In Ireland when senior fat cat state servants are threatened with any kind of
reprimand the media and unions are mobilized for operation 'blue collar'
shield. Police, nurses and teachers are wheeled out to protect the cabal at
the top. It always works.

So Newscorp, Hollywood and the Label's are protecting the creative people now,
the little guy? As brazen as you would expect from the axis of (creative)
evil.

------
alan_cx
Let me get this straight. The advert in Times Square has News Corp and Sony
_surrounding_ America's creative community.

Does that not perfectly show exactly what the whole damn problem is?

------
ethank
So sad.
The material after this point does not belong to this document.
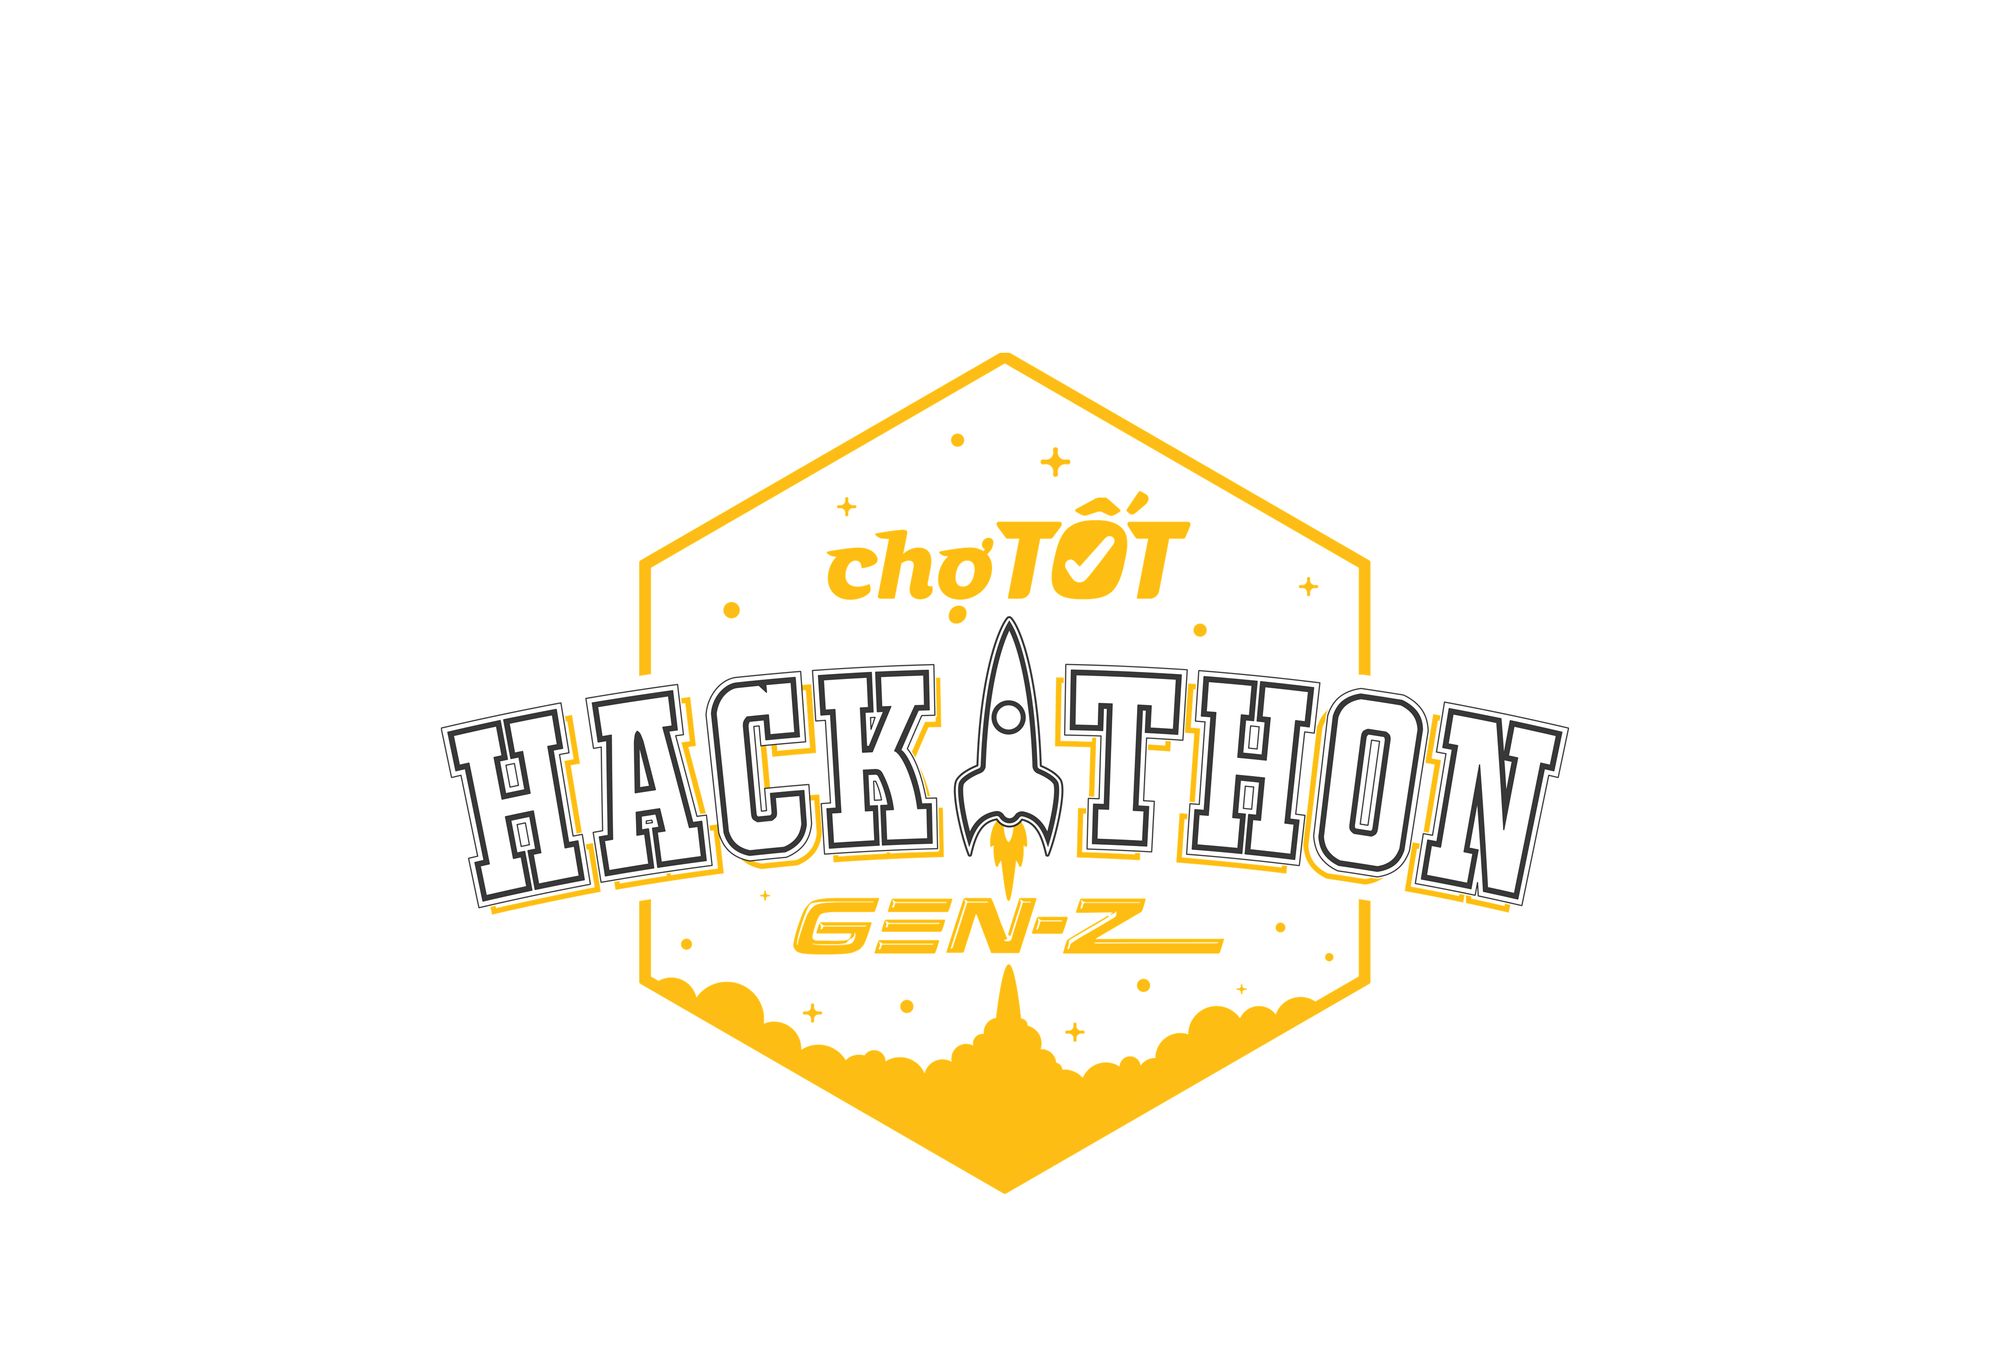 “Make Chotot tuyet for Gen Z” Hackathon – We can build a product in roughly 36 hours!

All this effort because they spent years ignoring technology and
trying to do innovation via outsourcing and customer dis-servicing business
development.

I know first hand :)

------
mydnite
If ever a billboard needed some C 'n' B work done to it it is these
billboards.

Arise the gorilla C 'n' B army of the new millennium.

But seriously it just makes me want to get into politics just to kick these
fuckers out and I'm not even a yank, I'm Australian, so I couldn't directly
help the people in the US.

------
jdavid
Sometimes I wonder if the biggest reason media companies are pissed off about
piracy, is because they can't add their own free political messages to any
content they want. they are loosing the power of distribution, which is
fundamentally more important that loosing a revenue stream.

------
j45
Hi Hollywood: I like movies and stuff, but how about I stop watching them
altogether?

I'm happy to pay for cable, netflix and more but you really need to stop
punishing the majority of honest people, it's just not cool.

The internet gives me a lot more than the predictable formula plots that you
do lately.